Neste livro de 180 páginas, Zetho Cunha Gonçalves organizou um puzzle: «um livro irreverente e indisciplinador, um hino à liberdade e um libelo contra toda e qualquer forma de censura, de prepotência, de submissão e de conformismo». Fernando Pessoa (que para José Régio não era um criador mas um assimilador) coloca em 1926 a história do conto do vigário no Ribatejo apesar de a mesma sempre ter sido referida como citadina e passada junto às estações do Rossio ou S. Apolónia. E, depois de afirmar que «a literatura é uma confissão de que a vida não basta», inventa um Banqueiro anarquista: «As injustiças da Natureza, vá: não as podemos evitar. Agora as da sociedade e das suas convenções – essas, por que não evitá-las?»
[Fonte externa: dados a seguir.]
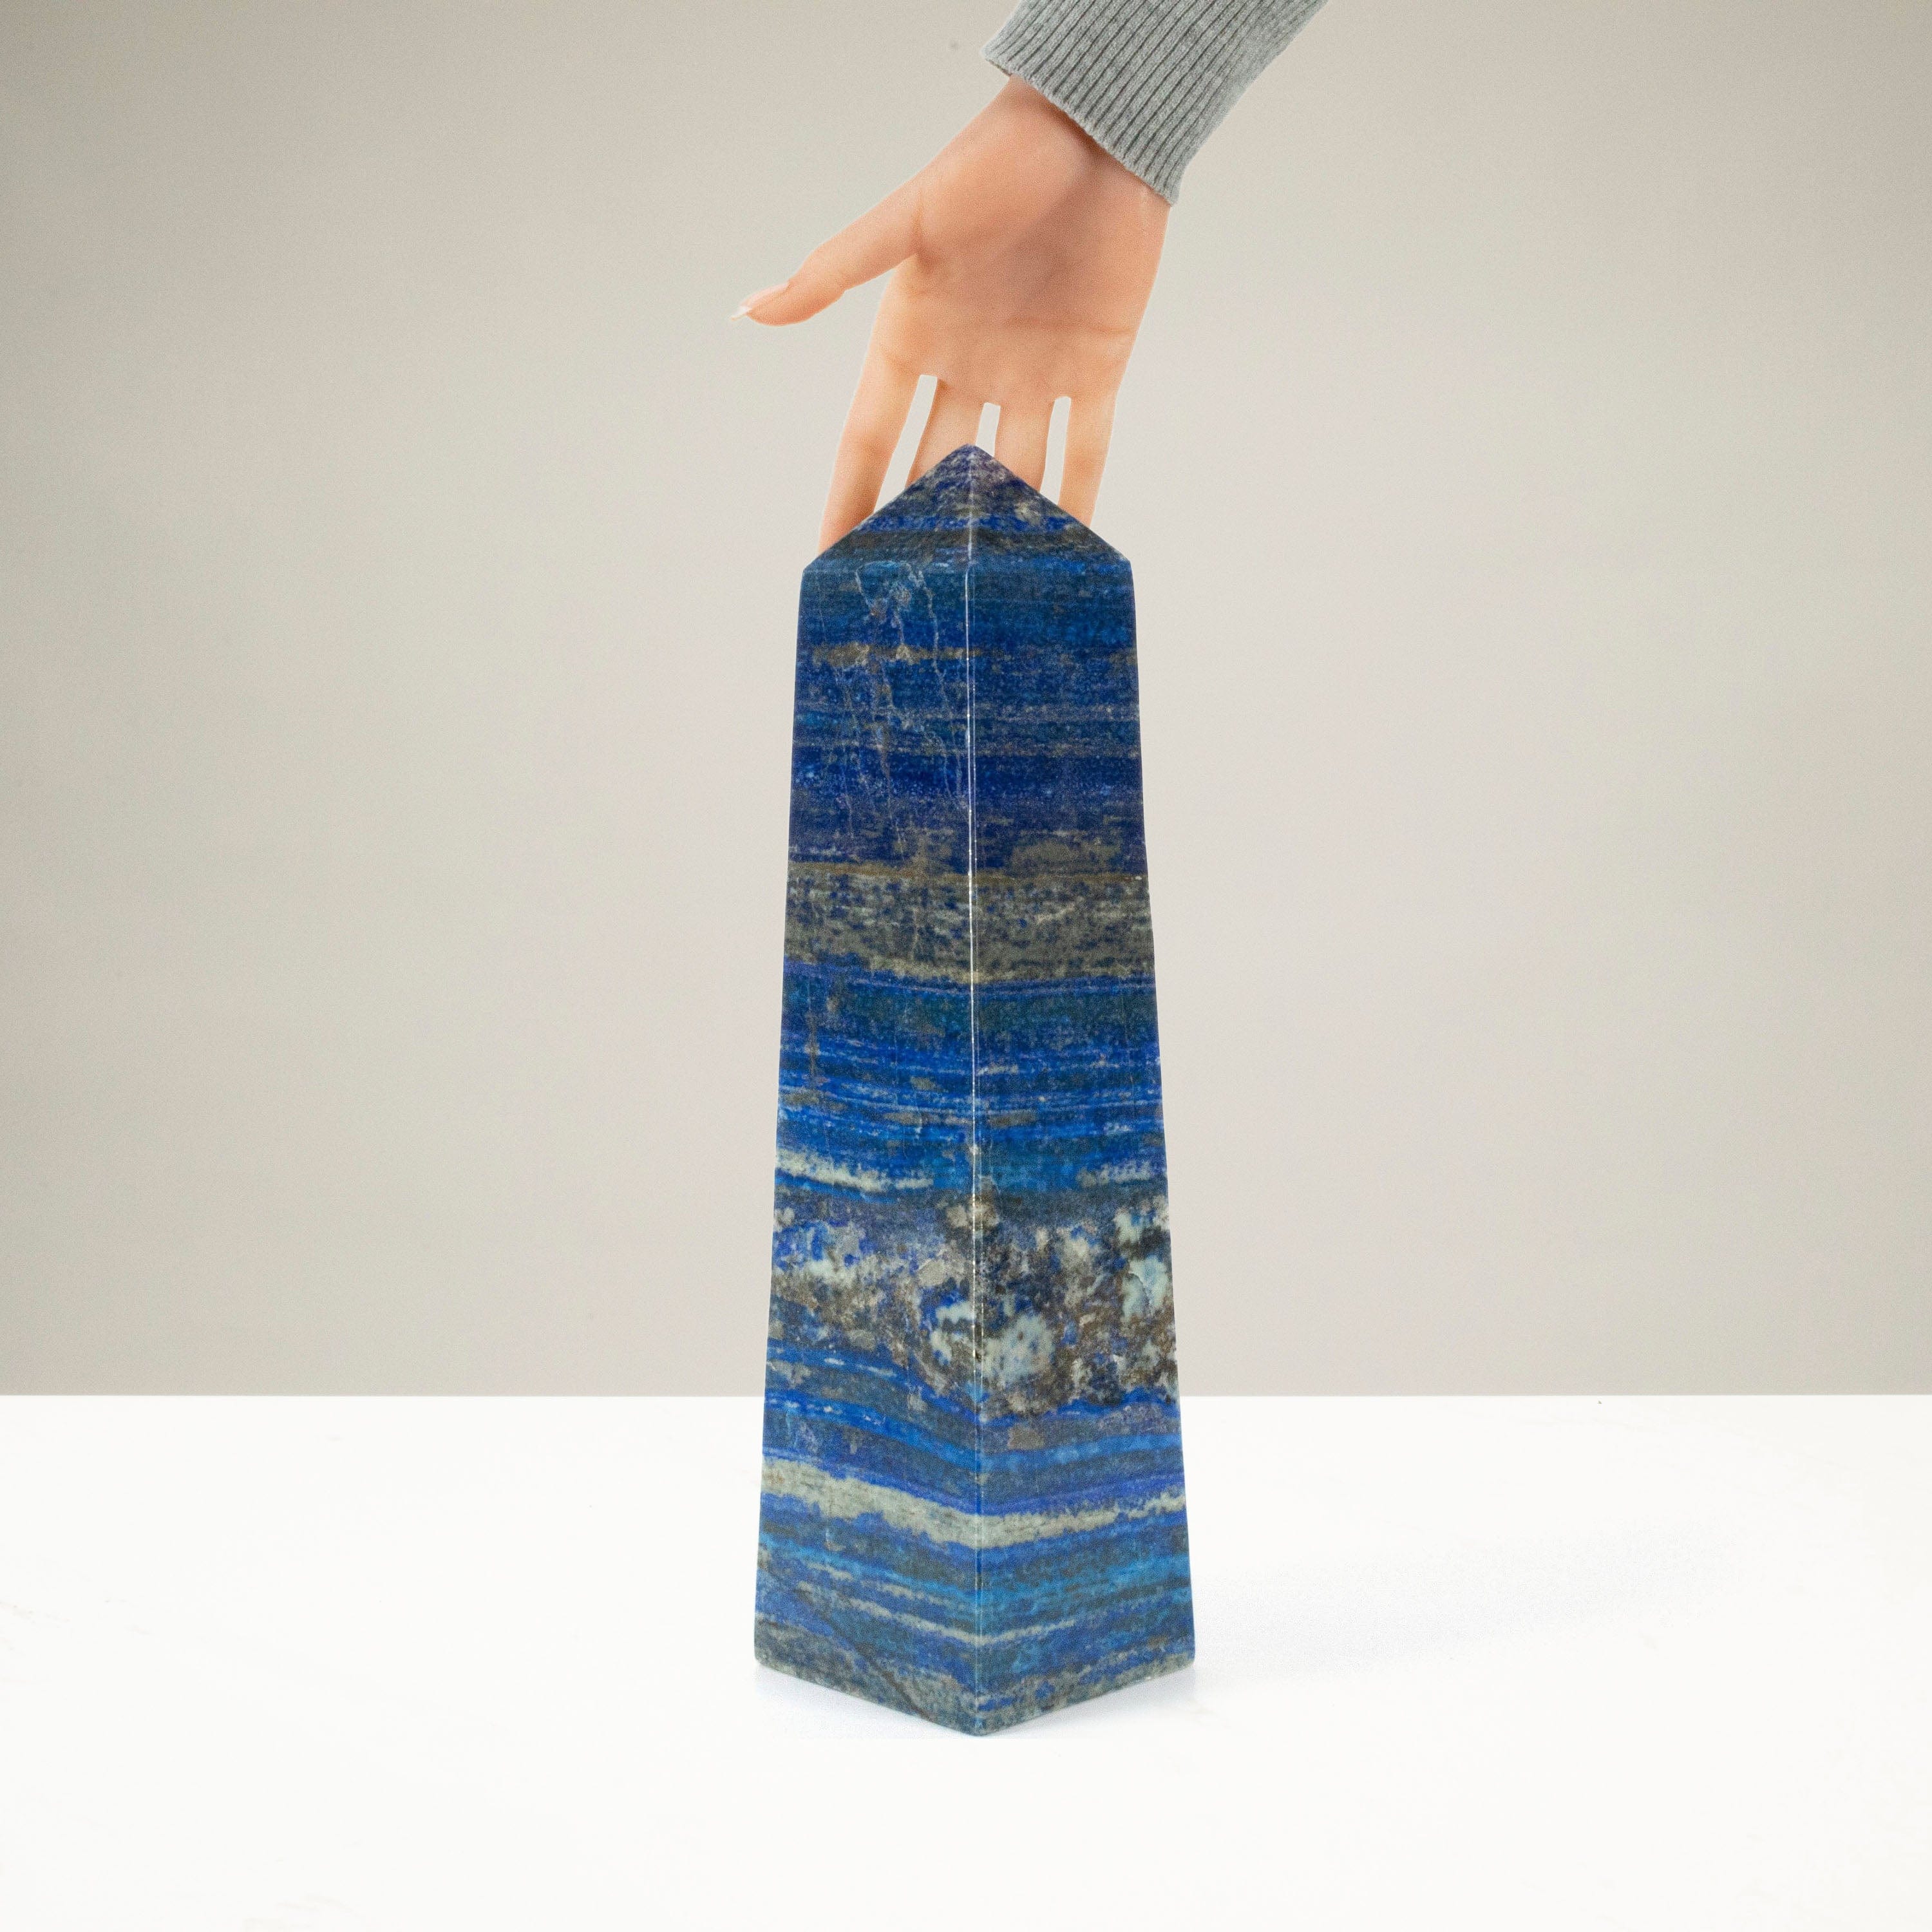 Kalifano Lapis Lapis Lazuli Polished Obelisk from Afghanistan - 14.5" / 15 lbs LPOB13800.001

Nas fábulas breves F. P. surpreende sempre. Seja na referência a Roma («Cuidado com as lágrimas, quando são estadistas os que as choram») seja em «Eu, o doutor» («Na vida social somos o que os outros nos julgam») ou, de novo, na política: «A política partidária é a arte de dizer a mesma coisa de duas maneiras diferentes». Nos três contos de O. Henry, F.P. mostra-se um hábil tradutor; vejamos o final de um conto: «Sr. Bridger, sou de Kentucky e tenho visto muito em matéria de homens e de bichos. E ainda não vi um homem que gostasse muito de cavalos e de cães que não fosse cruel para as mulheres».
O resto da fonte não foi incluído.